FASB, IASB Revised Proposal on Revenue from Contracts with Customers

Jack Humphrey, Regulatory journalist
December 14, 2011 /

The Financial Accounting Standards Board (FASB) and the International Accounting Standards Board (IASB) are pulling up their sleeves to improve and converge the financial reporting requirements of International Financial Reporting Standards (IFRSs) and US General Accepted Accounting Principles (US GAAP) for revenue (and some related costs) from contracts with customers.

The regulators are requesting for public comment by March 13, 2012. The Boards’ first Exposure Draft on revenue recognition was issued in June 2010 (the 2010 Exposure Draft), and generated nearly 1,000 comment letters.

After analyzing the letters and input received during public roundtables and other outreach to stakeholders, the Boards revised many of the 2010 proposals. Given the importance of revenue recognition to financial reporting, the Boards decided to take the extra step of re-exposing the revised proposals for public
comment before issuing a final standard.

Revenue is an important number to users of financial reports in assessing a company’s performance and prospects. However, revenue recognition requirements in US GAAP differ from those in IFRSs, and many believe both are in need of improvement.

US GAAP has complex, detailed requirements for specific industries or transactions that can result in different accounting for transactions that are economically similar. IFRS has two main revenue recognition
standards that have limited implementation guidance and can be difficult to understand and apply. Overall, existing disclosures about revenue have been criticized by financial statement users and regulators who believe they are inadequate.

The Boards issued a Discussion Paper in 2008 that presented their initial proposals on when to recognize revenue. The Discussion Paper introduced the concepts of a contract containing performance obligations and that revenue is recognized when an entity satisfies its performance obligations by transferring control of goods or services to a customer. It also introduced a revenue recognition measurement approach based on an allocation of the transaction price. Respondents to the Discussion Paper generally supported the proposed recognition and measurement principles.

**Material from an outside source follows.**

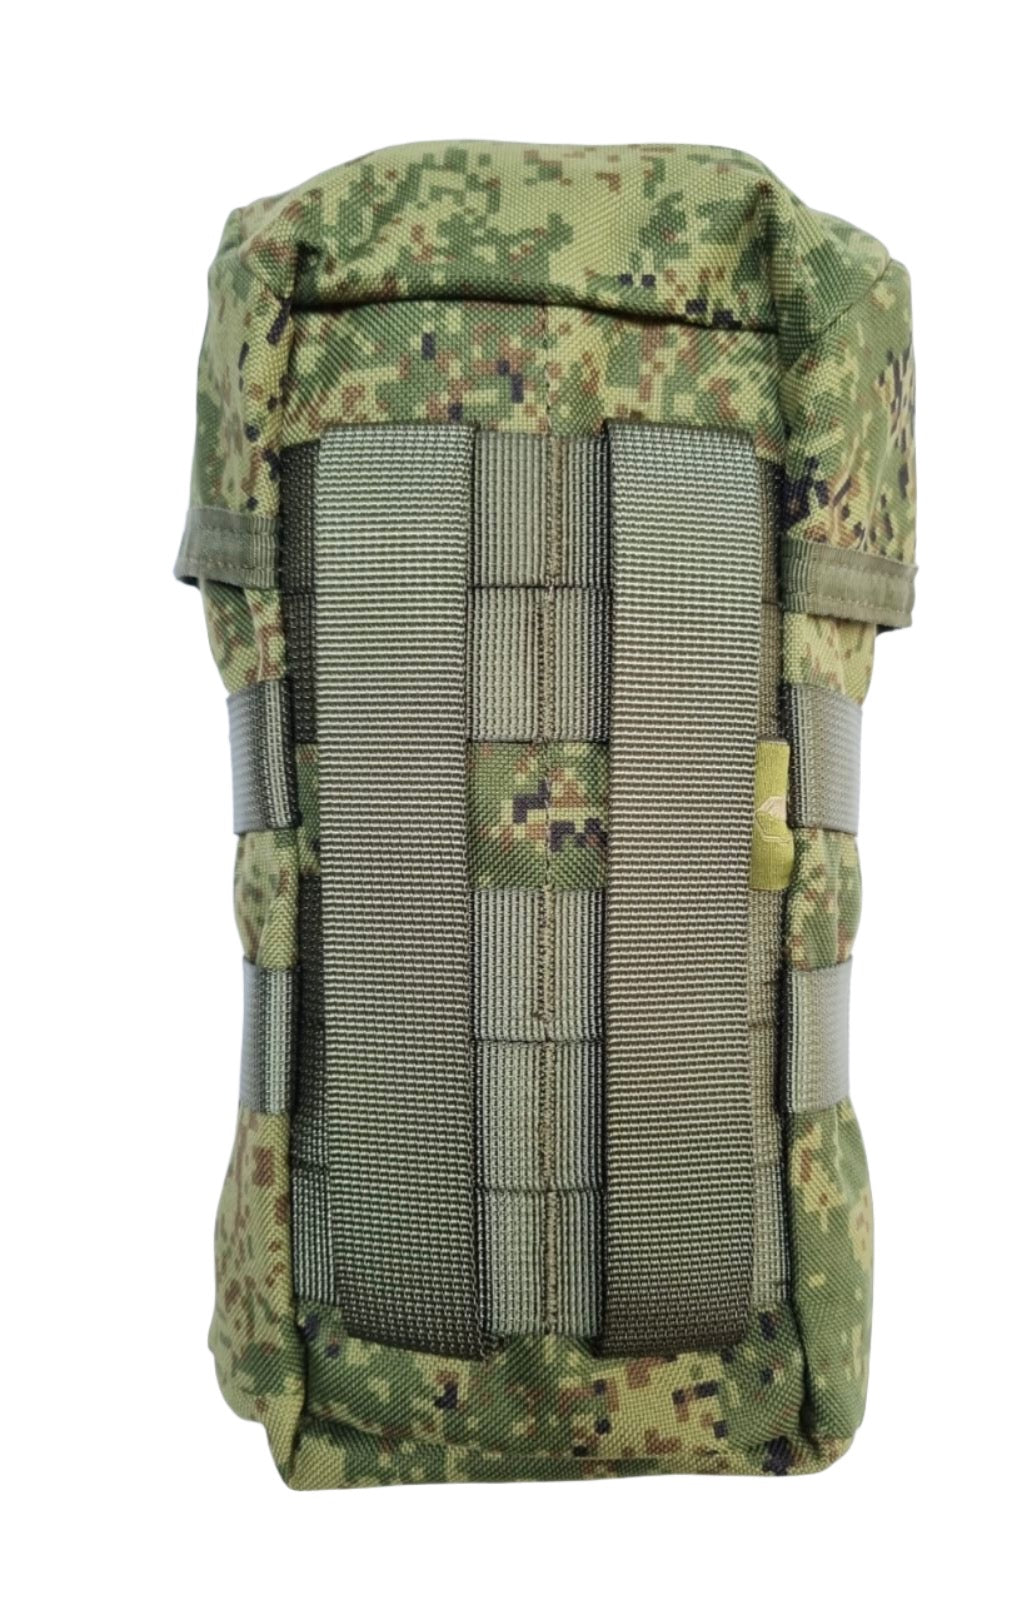 Shadow Strategic Camouflage Canteen Pouch Color Russian digi.
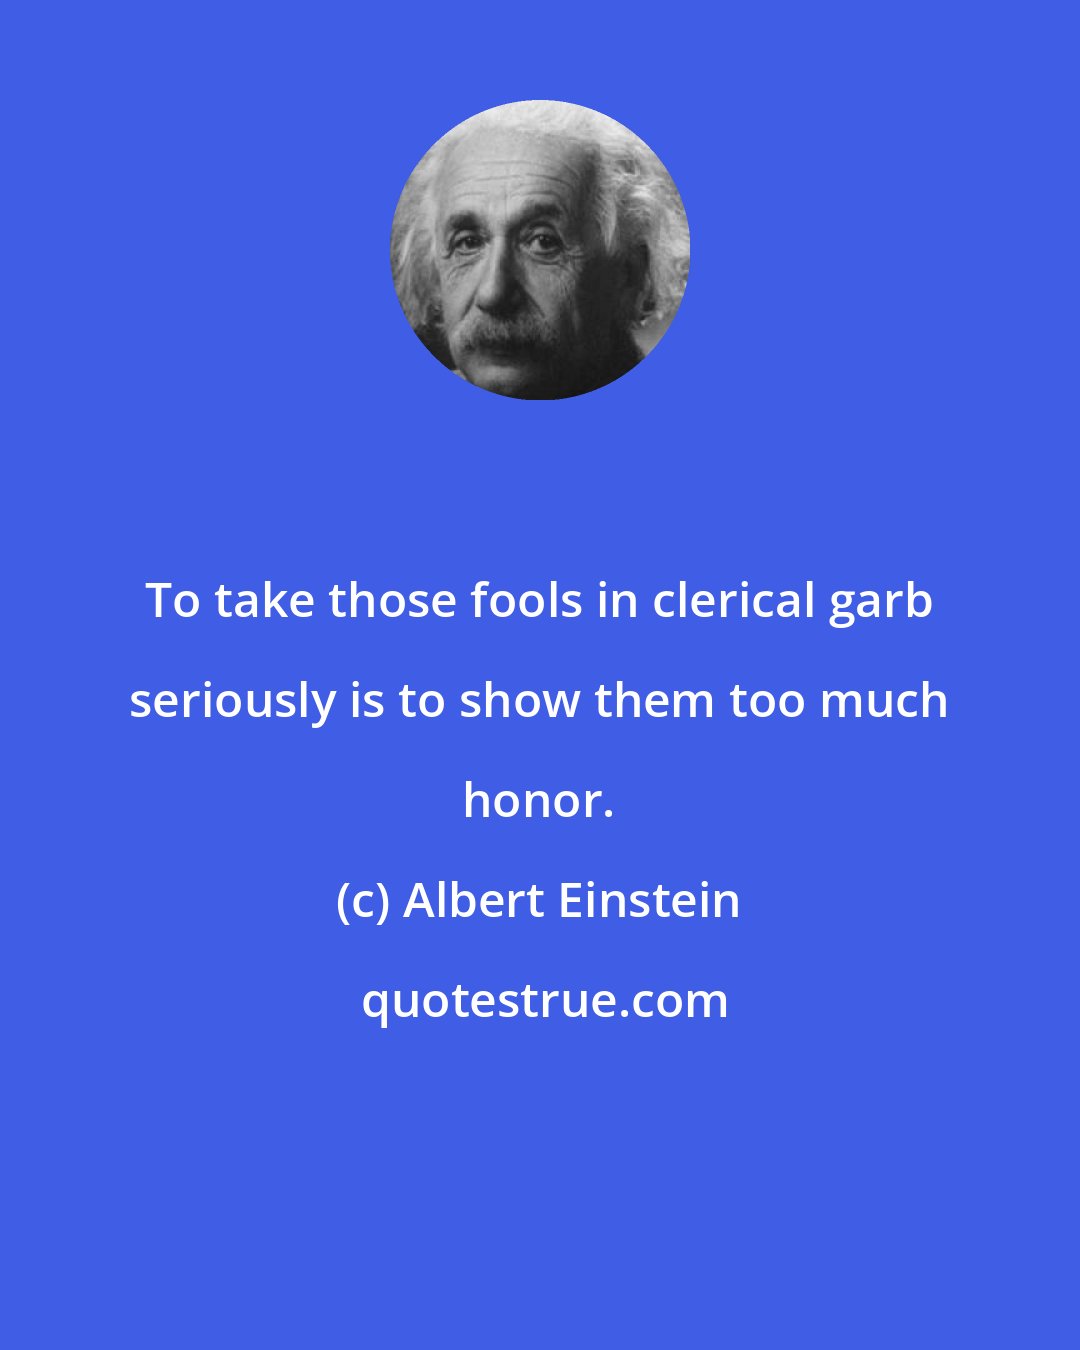 Albert Einstein: To take those fools in clerical garb seriously is to show them too much honor.

However, they expressed concern about the proposals to identify separate performance obligations only on the basis of the timing of transfer of the good or service to the customer. They were also concerned with the proposal on the use of the concept of control to determine when a good or service is transferred. Based on
feedback received, the Boards issued the 2010 Exposure Draft in June 2010.

In the 2010 Exposure Draft, the Boards established the core principle that a company should recognize revenue to depict the transfer of promised goods or services to a customer in an amount that reflects the consideration expected to be exchanged for those goods or services.

Respondents to the 2010 Exposure Draft supported this core principle. Most respondents also generally
supported the Boards’ proposal for a comprehensive revenue recognition model for both US GAAP and IFRS. However, almost all respondents indicated a need for clarification on how the core principle would apply in practice, particularly with respect to the concept of control and its application to service and construction contracts and the principle of distinct goods or services for identifying separate performance obligations in a contract.

The Boards addressed the concerns related to the 2010 Exposure Draft by clarifying the proposals, adding guidance, or simplifying many of the proposals. In some cases, revisions have drawn from concepts in current
accounting requirements that are considered to be consistent with the core principle.

Although the revisions to the 2010 Exposure Draft do not necessitate re-exposure for public comment in accordance with the Boards’ due process procedures, the Boards decided to re-expose the proposals because
of the importance of the financial reporting of revenue to all entities and the Boards’ desire to avoid
unintended consequences arising from the final standard.

As proposed in the 2011 Exposure Draft, most private companies and not-for-profit organizations would be
granted exceptions from applying most of the proposed quantitative disclosure requirements. Not for-profit organizations would be granted an exception from having to apply the onerous performance obligation test for contracts that have been entered into primarily for charitable or social benefit purposes. Finally, the standard would become effective at least one year later for most private companies and not-for-profit
organizations.

The Boards have acknowledged that companies will need sufficient lead time after the standard is approved to implement its provisions. Therefore, the final standard would be effective no sooner than for annual periods beginning after January 2015; as mentioned above, it would become effective at least one year later for most private companies and not-for-profit organizations.